Profit: How is technology impacting how we work and collaborate?
Baghai: Particularly for the five archetypes that are less command and control and more agile and adaptive, technology ends up being really, really critical. If you look at “Architect & Builders,” which by the way is the most frequent model we observe, technology systems are really important. The most important thing is getting everyone on the same version of the blueprint. This is a mode you see whenever there’s a major project requiring a really current up-to-date information system where everyone can go back to a single source of truth.
Look at Tata building the Nano, the $2,000 car. There are hundreds of suppliers simultaneously designing bits of pieces. If someone changes the crankshaft, there are down flow changes for 20 other suppliers. They literally had a daily conference call to synchronize people, but the idea was that everyone had to stay on the current version of the blueprint.
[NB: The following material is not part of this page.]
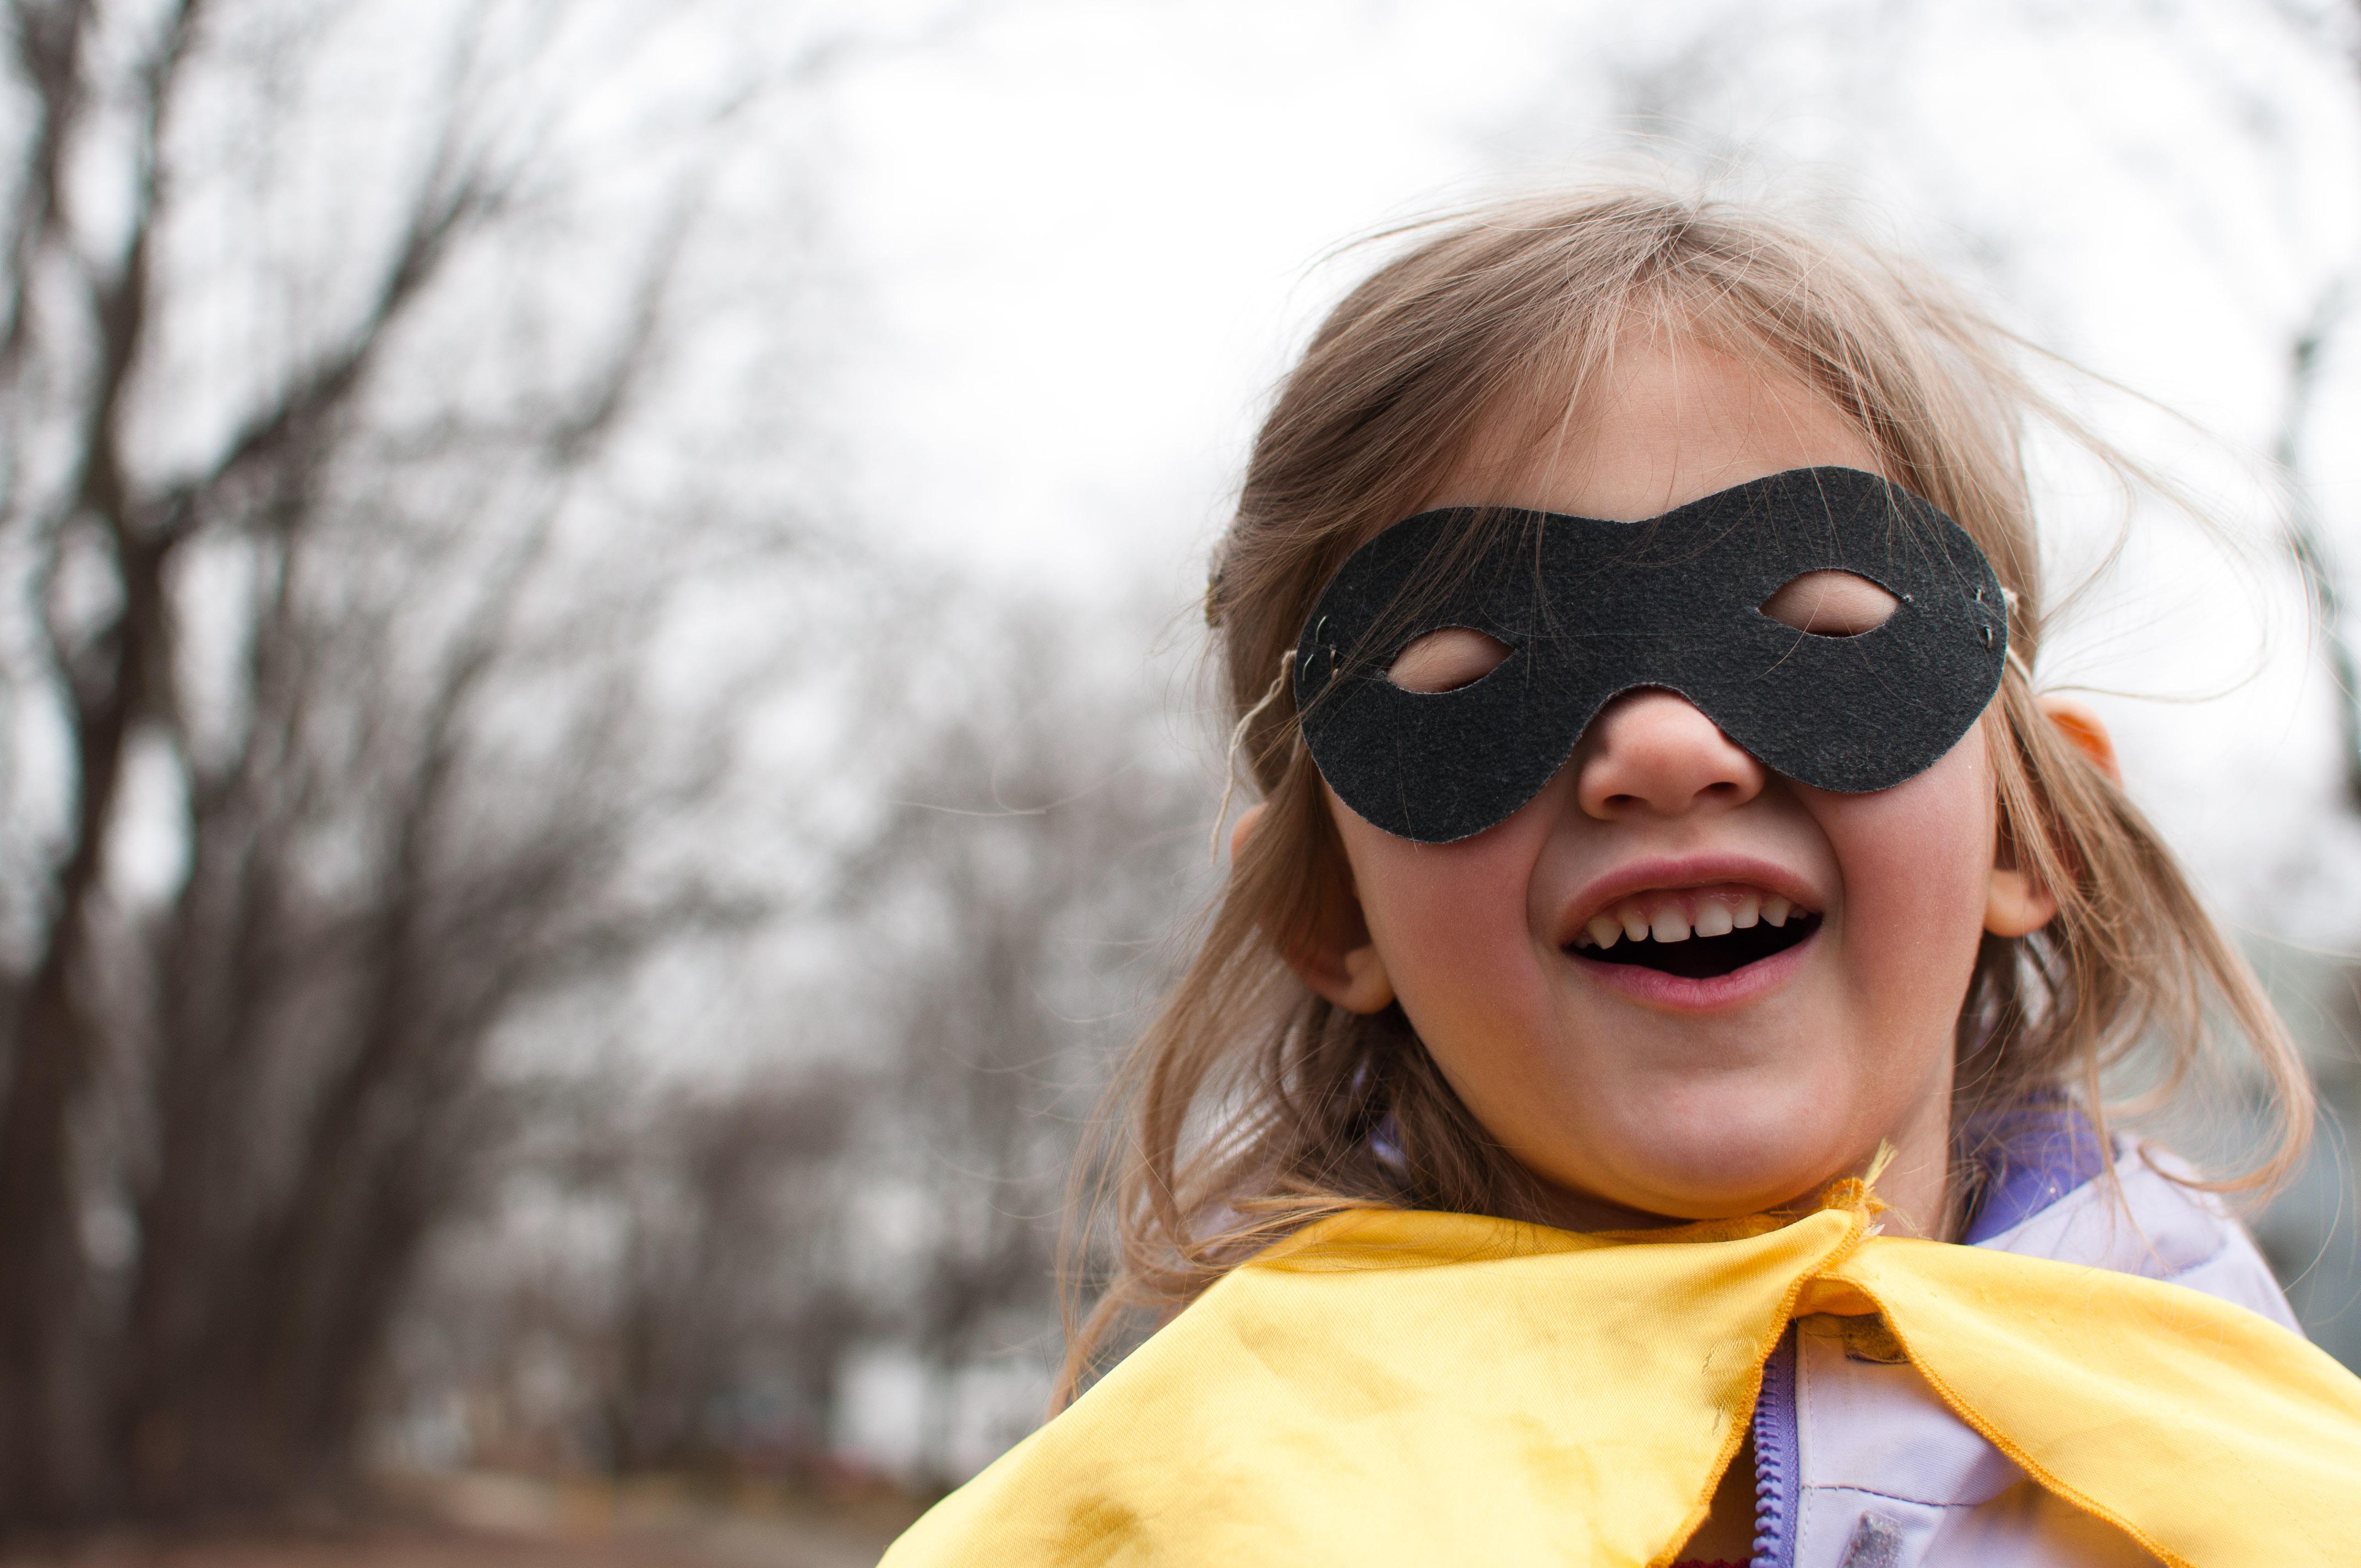 A superhero must hide her identity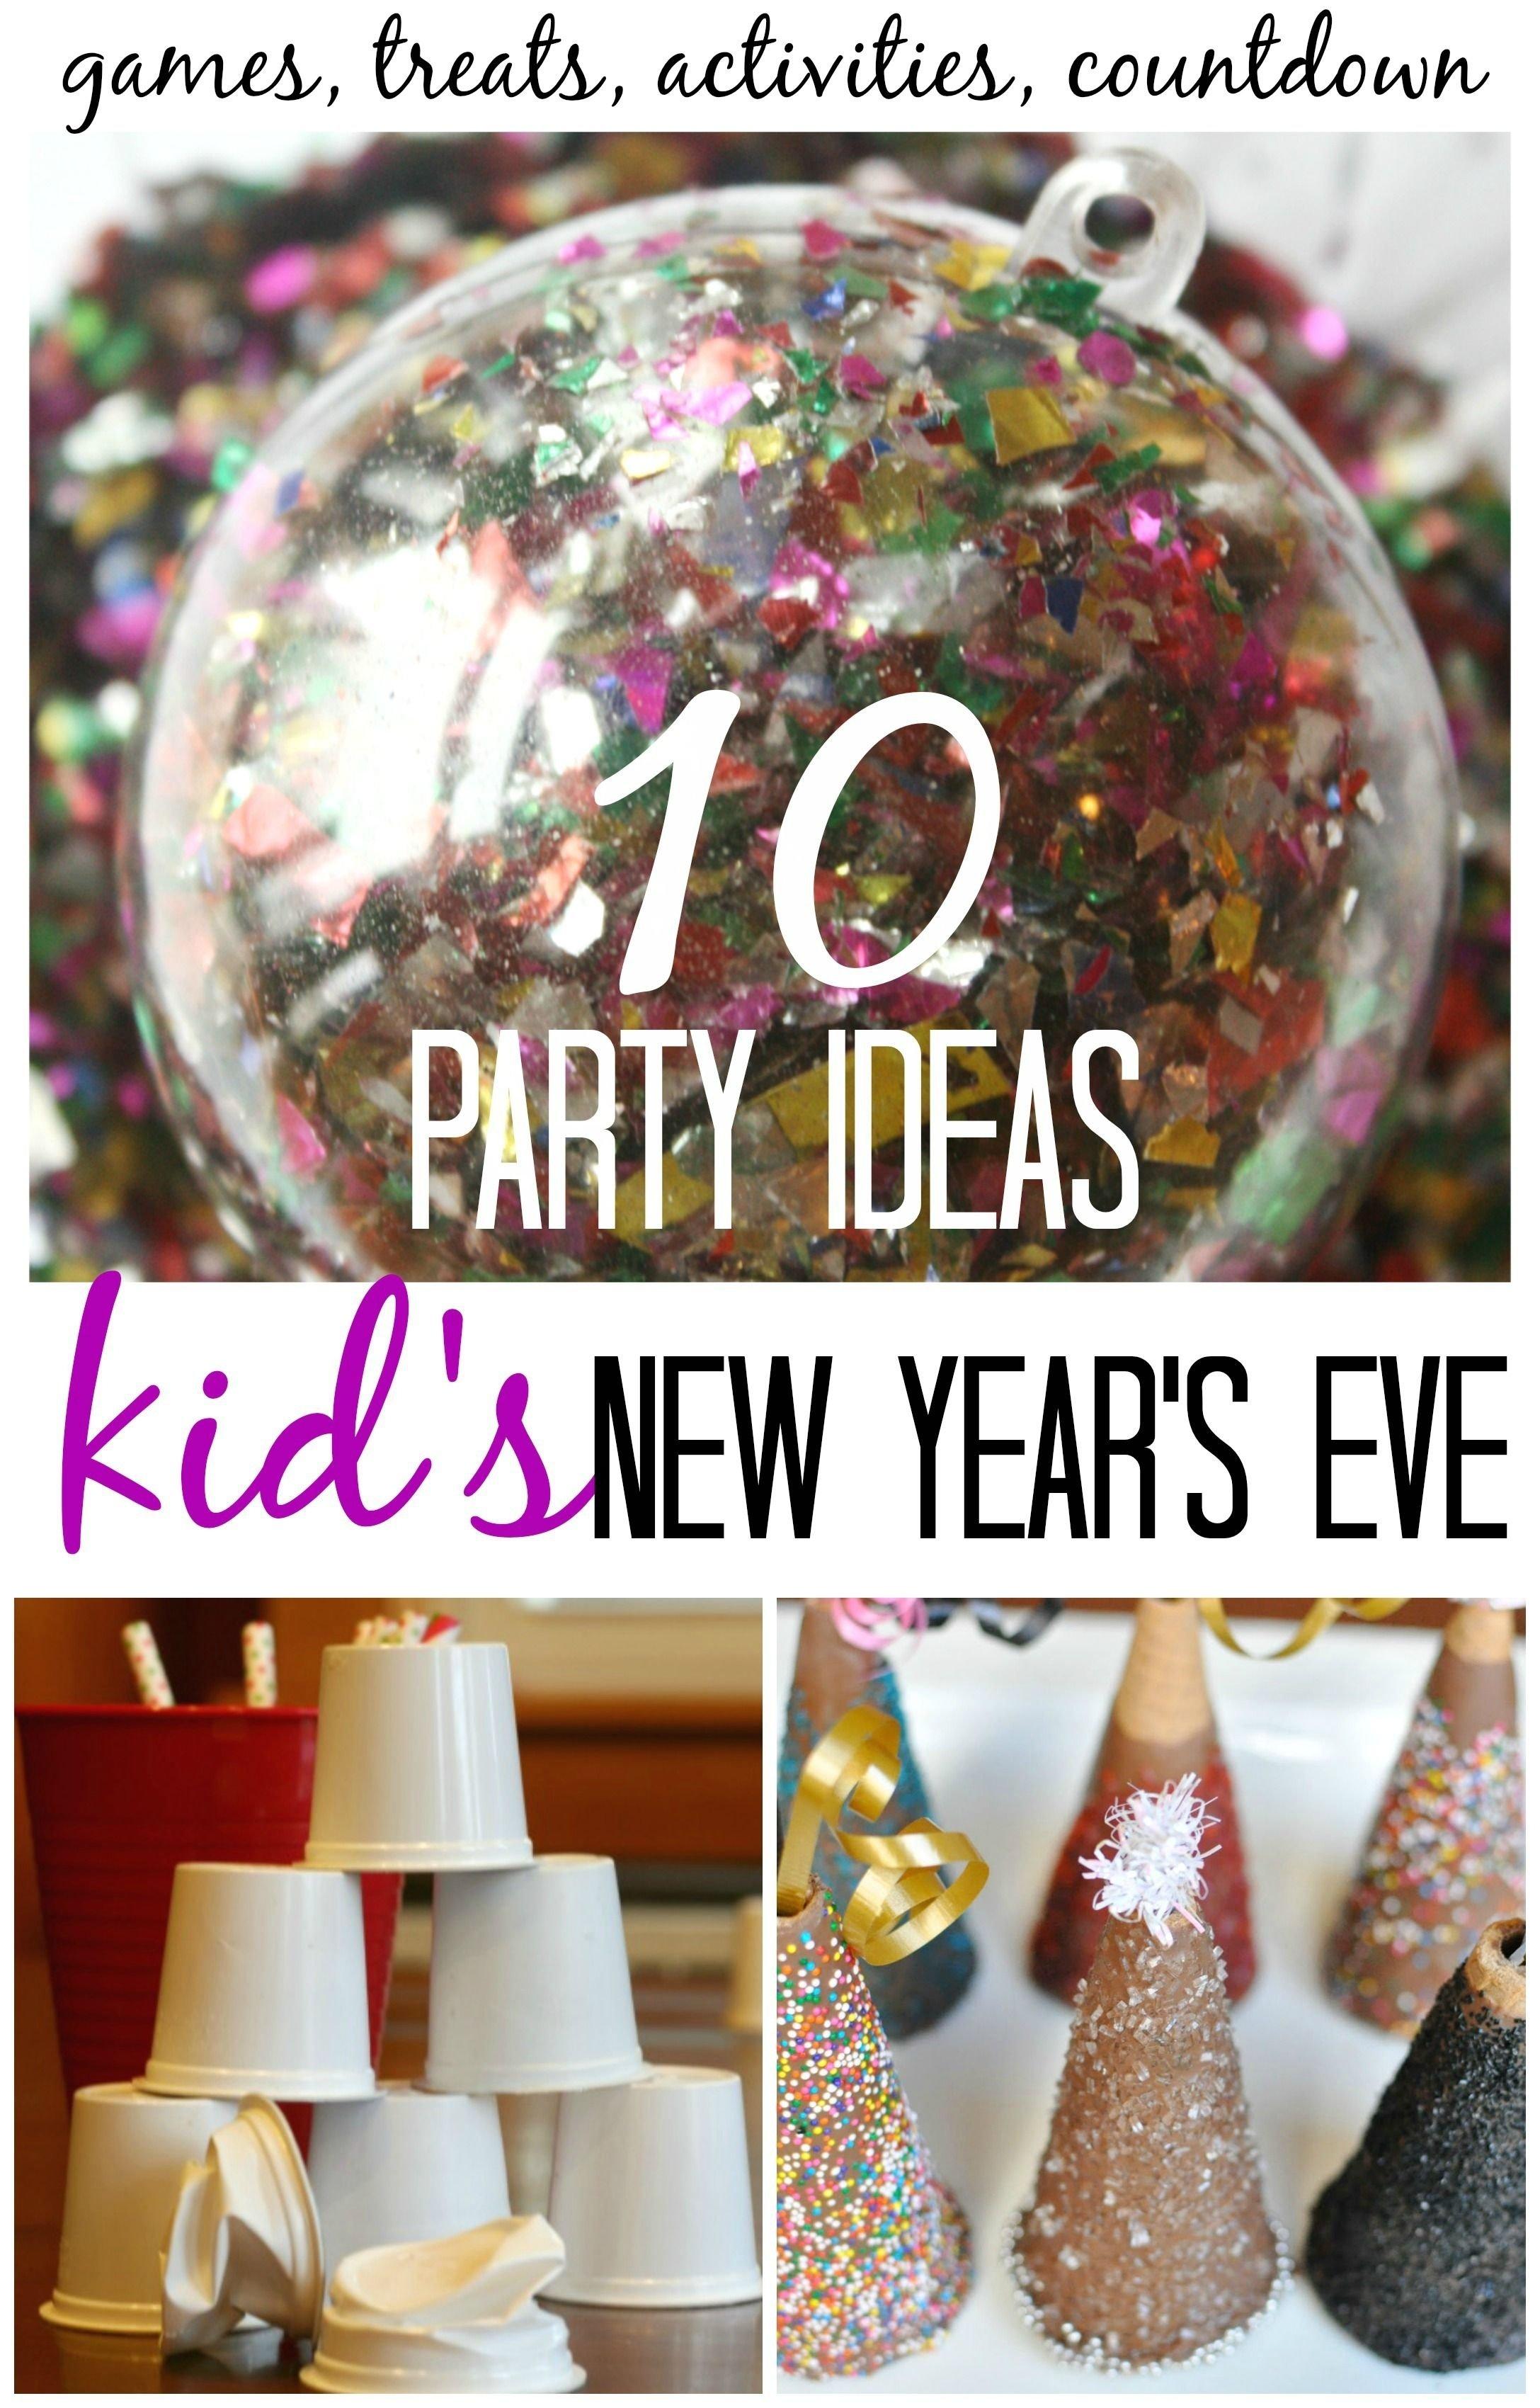 10 Wonderful New Years Eve Game Ideas kids new years eve party ideas and activities for new years 13 2020

We think another archetype, “Captain & Sports Team,” is really important in highly turbulent areas where you need people to be able to have agility and make decisions in the field independent of head office. They need real live information systems so ERP information can be pushed out to them and available on their iPhone or iPad or whatever they’re carrying. That way they can make the best decision on the spot based on the information that’s available.
As you even begin to think about an ERP process, thinking about the dominant archetypes of an organization can actually highlight the way the ERP can reinforce business success.
Profit: How do you want executives to use the book?
Baghai: We see this not as a book that you read and stick on a bookshelf, but as a book you hang on to. We lay out the eight archetypes and describe each one in depth — and we share what the analytics said were the six most defining characteristics of each model. But most importantly, we talk about where each model is effective and where it is not. And we also offer 21 questions at the end of each chapter that people can ask themselves to be more effective.
Initially it’s helpful for leaders to say “Let’s just be clear about how we work and communicate throughout the organization.” But every quarter, or every six months, this is a book that you might pull out and say, “I am still trying to enforce this ‘Conductor & Orchestra’ culture in this place — is there anything else I haven’t done that might help me be even more effective in this place? Let me just go through this list of questions.”
And leaders can copy some of the case studies we’ve given and say, “I just want to share these four pages with my people because it’s a great example of dissent and I don’t thinking in our ‘Producer & Creative’ team we’re dissenting enough.” So, again, we’re creating material that a leader could use to align people to the culture they want.